Conservatives anathematized him as an anarchist. Within the Johnson circle he spoke his mind with the same vehemence, lecturing anyone, from the Mayor down, who he felt was at fault. Publicly he ripped apart Charles Salen, Johnson’s chief lieutenant in the state Democratic hierarchy, for a breach of faith. Privately he voiced his suspicions of Newton Baker’s sincerity. The Johnson group passed off his remarks as the barbed thrusts of the court jester, but his later political career suffered from the indiscretions into which his quick, sharp tongue betrayed him. To the Johnson movement he was important as a gadfly, as an orator who dramatized the reform issues, and as a dynamic lieutenant who commanded the loyalty of the immigrant workers.
The student of the Johnson experiment was Frederic C. Howe.
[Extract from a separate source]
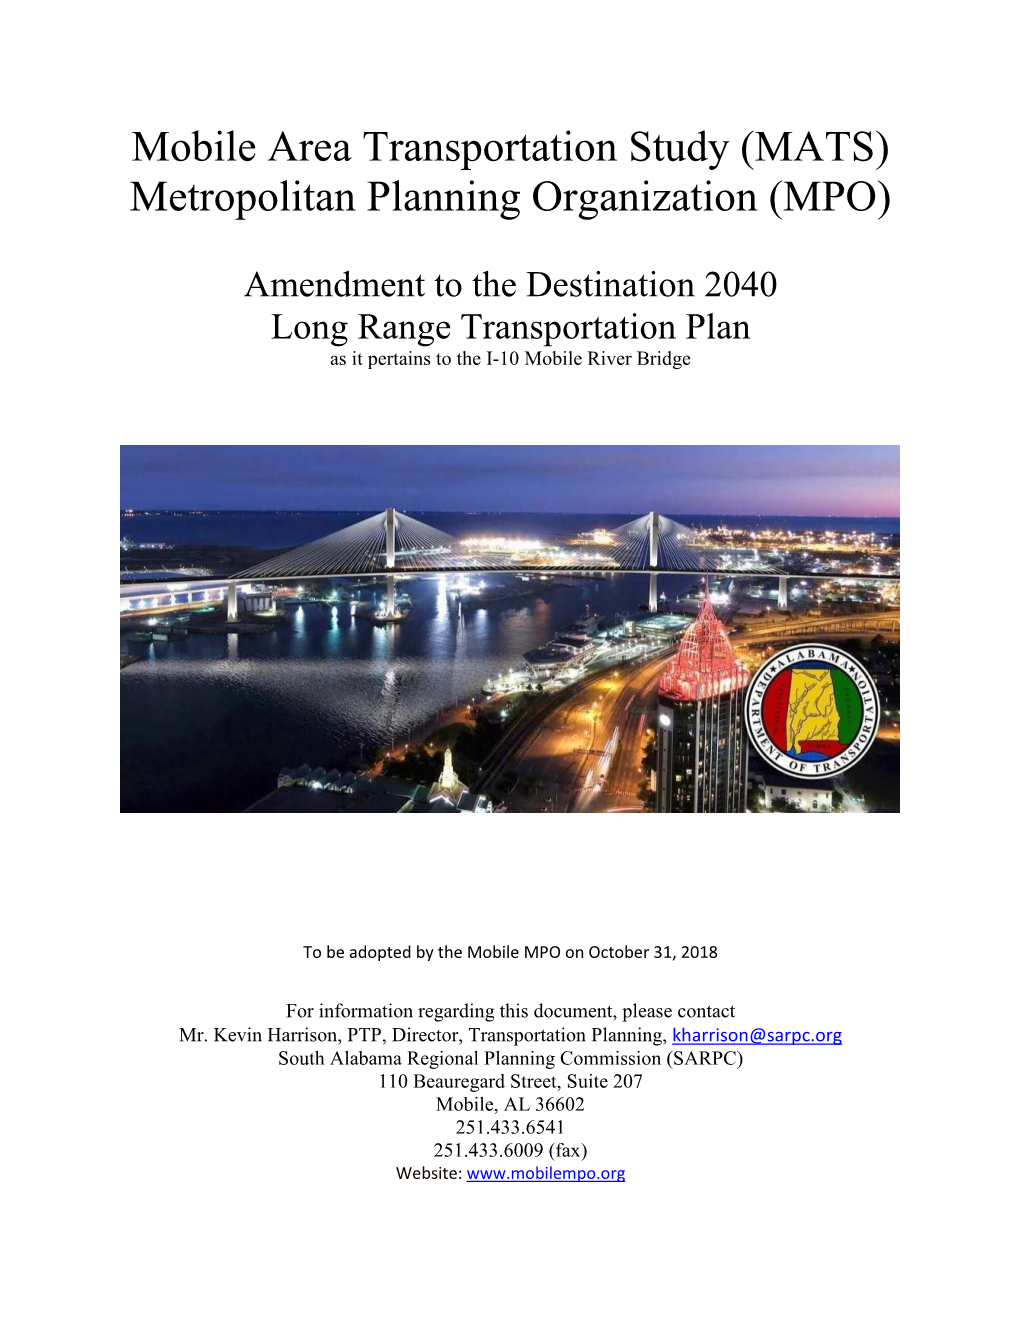 Mobile Area Transportation Study (MATS) Metropolitan Planning Organization (MPO)

He was born in 1867 in Meadville, Pennsylvania, the only son of a respected middle-class merchant. In his autobiography he described the environment of his youth as “a comfortable little world, Republican in politics, careful in conduct, Methodist in religion.” There he lived until he graduated from the local Allegheny College. Then at the age of twenty-two he left Meadville to begin the slow, painful process of unlearning the canons he had been taught. He enrolled at Johns Hopkins to work for a Ph.D. in history and politics, spent a summer at the University of Halle in Germany, and supported himself as a newspaper reporter. Although he had trained himself for a career in journalism, he could not find a job in that field in the hard times of 1892-93. Disillusioned by this failure, he turned to the study of law at the University of Maryland and New York law schools. In 1894 he settled in Cleveland, joining the firm of Harry and James Garfield, sons of the former President. His association with the Garfields was a happy and profitable one. But Howe was driven by his Methodist-Quaker inheritance to do more than make a success of the law; he threw himself into social settlement work and assumed the secretaryship of the Municipal Association of Cleveland, which had just been founded to promote good government.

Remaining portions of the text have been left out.